Weida served as counsel in the U.S. Department of Justice's Office of Legal Policy before becoming an assistant U.S. attorney in Boston in 2016. In these roles, he coordinated with law enforcement agencies, including the Federal Bureau of Investigation (FBI) and the Drug Enforcement Administration (DEA).

In May 2020, U.S. president Donald Trump announced his intent to nominate Weida to serve as the Inspector General for the U.S. Department of Health and Human Services (HHS). His announcement came after Trump criticized acting inspector general Christi Grimm over a report on hospital shortages during the COVID-19 pandemic.

Weida joined Florida's Agency for Health Care Administration (AHCA), where he worked in Medicaid policy before being appointed chief of staff.

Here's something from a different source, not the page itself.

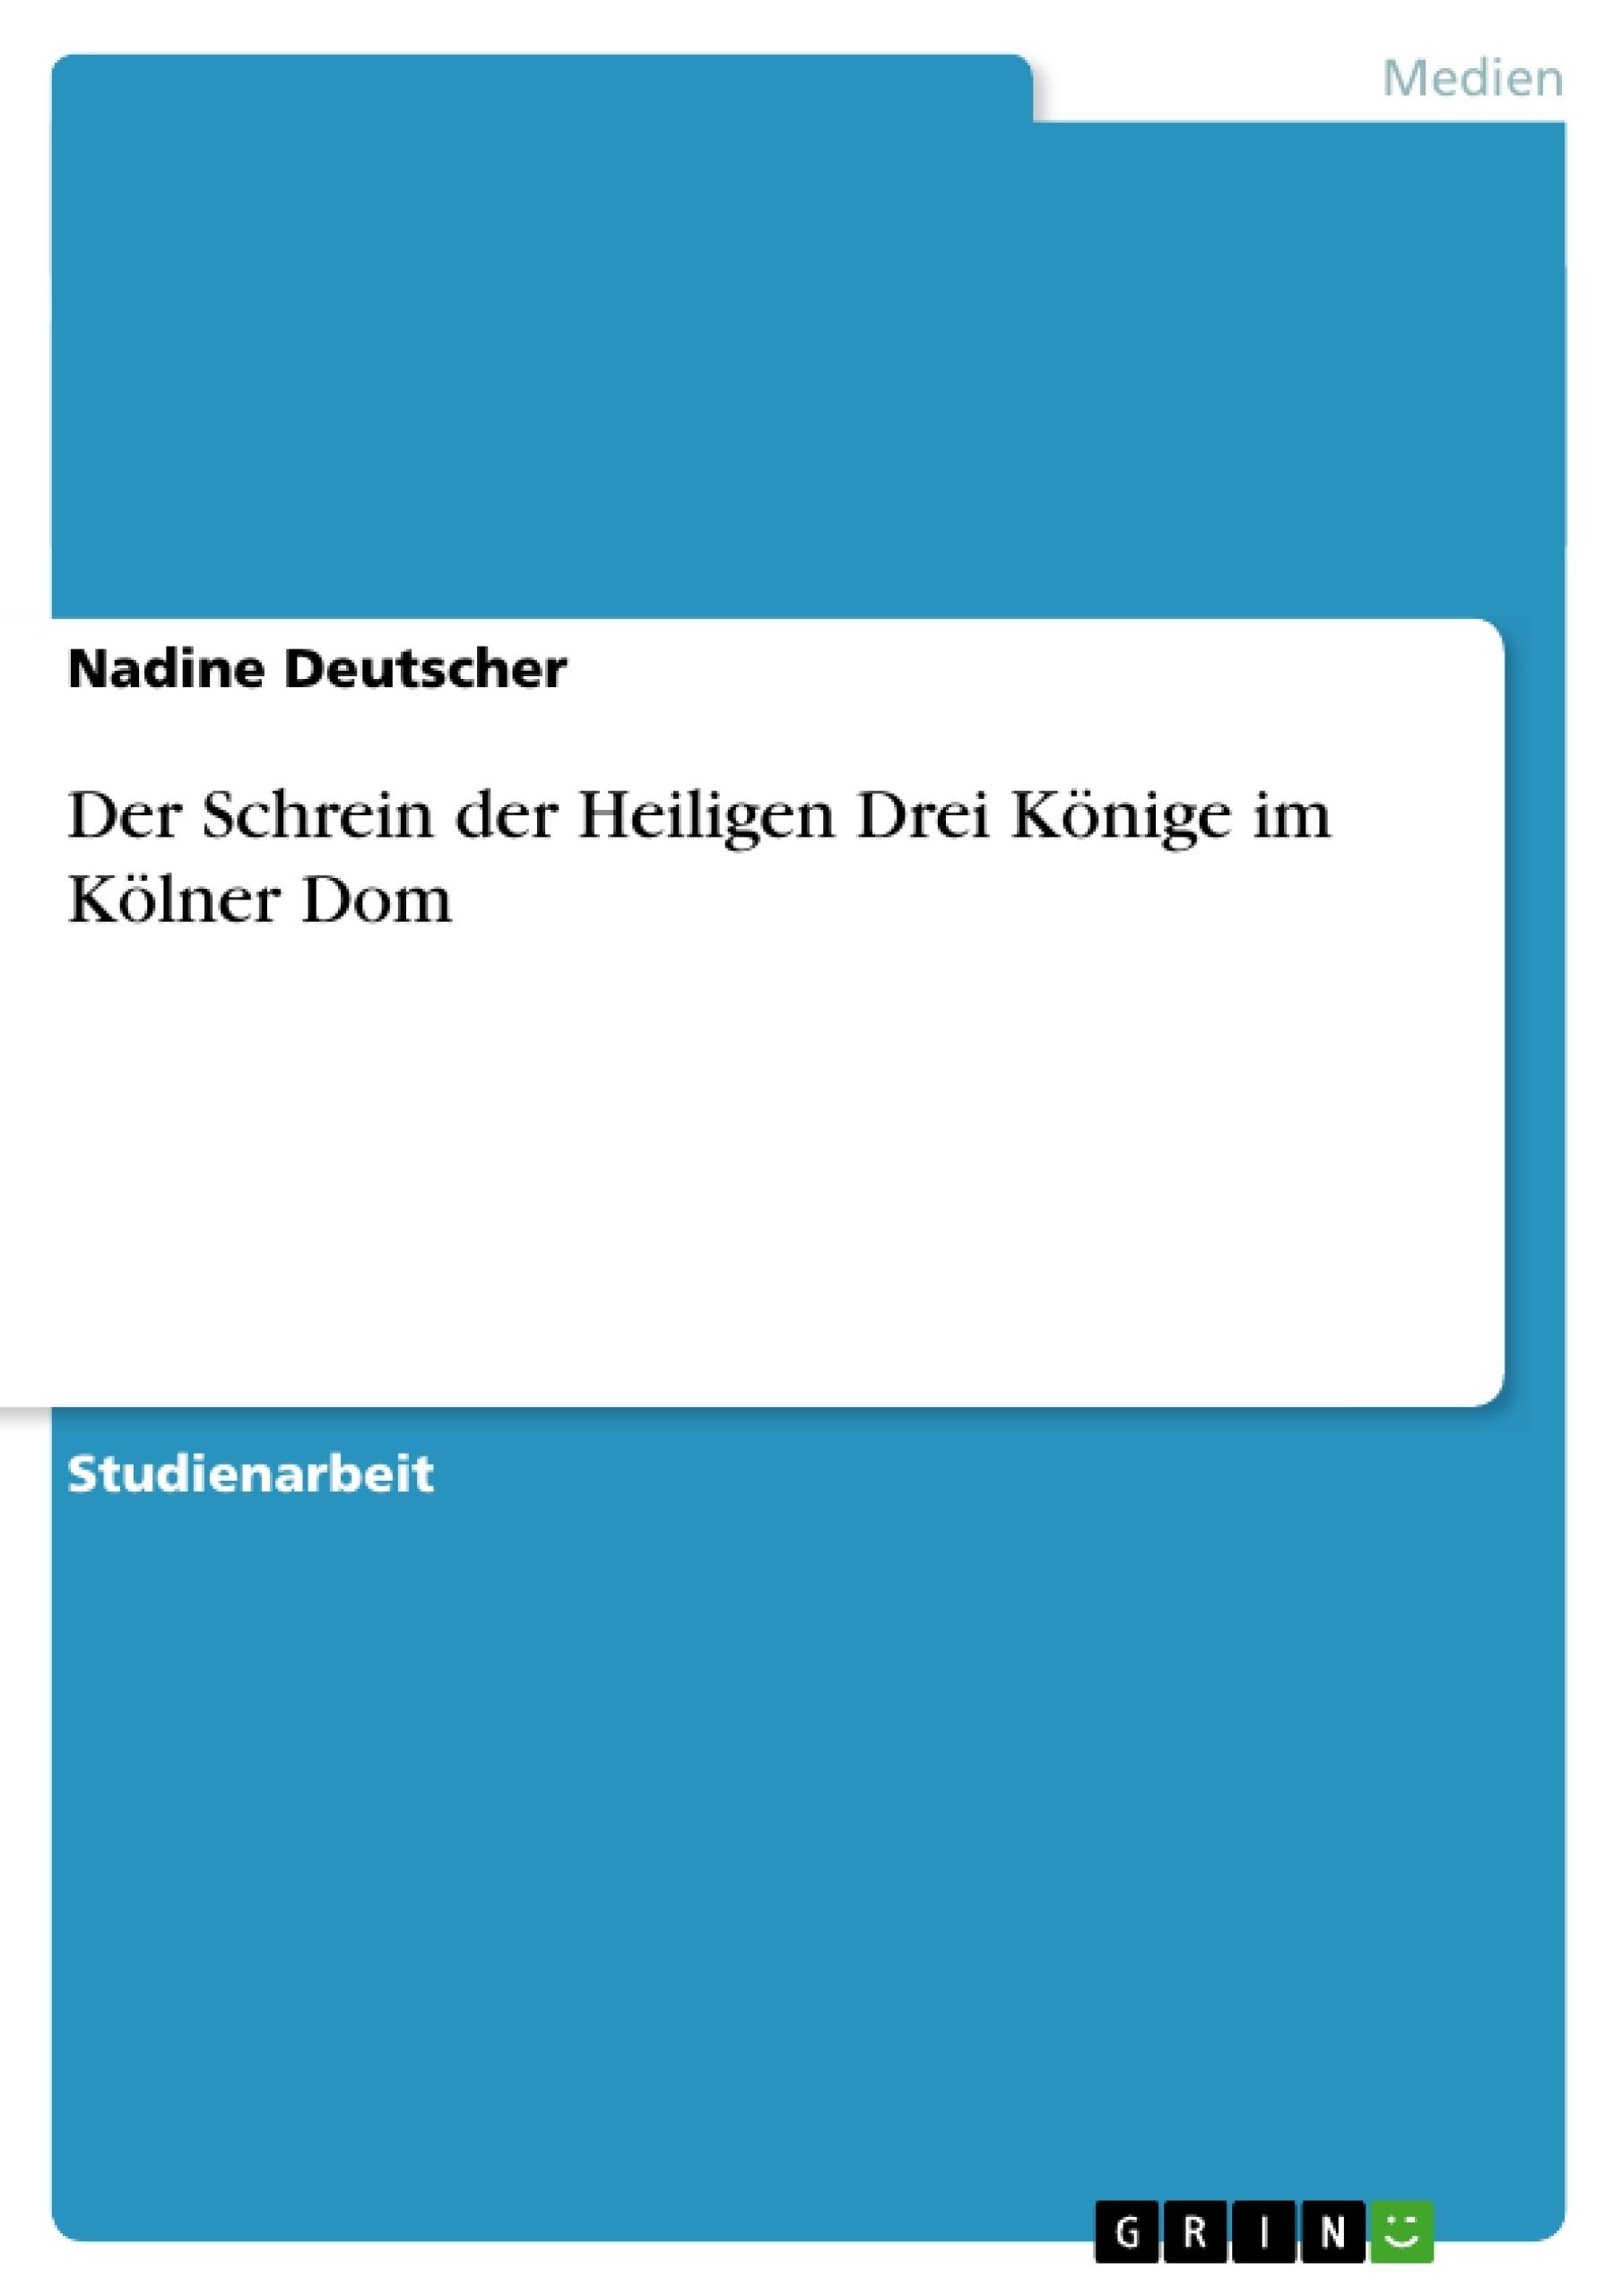 Titel: Der Schrein der Heiligen Drei Könige im Kölner Dom

In January 2023, he was named interim secretary of AHCA, replacing Simone Marstiller, who stepped down ahead of Florida's lobbying ban. As AHCA secretary, Weida prioritized improving maternal health outcomes, expanding childhood and teenage mental health programs, and increasing home and community-based services. He also oversaw the process of awarding multi-billion-dollar contracts for Medicaid managed-care providers, which occurs every six years. In April 2023, he was confirmed as the permanent AHCA secretary.

In 2025, Florida governor Ron DeSantis named Weida as his chief of staff, replacing James Uthmeier, who became the state's Attorney General. He was succeeded as secretary by Florida Department of Children and Families secretary Shevaun Harris.

In 2026, Weida was mentioned in relation to the Hope Florida scandal.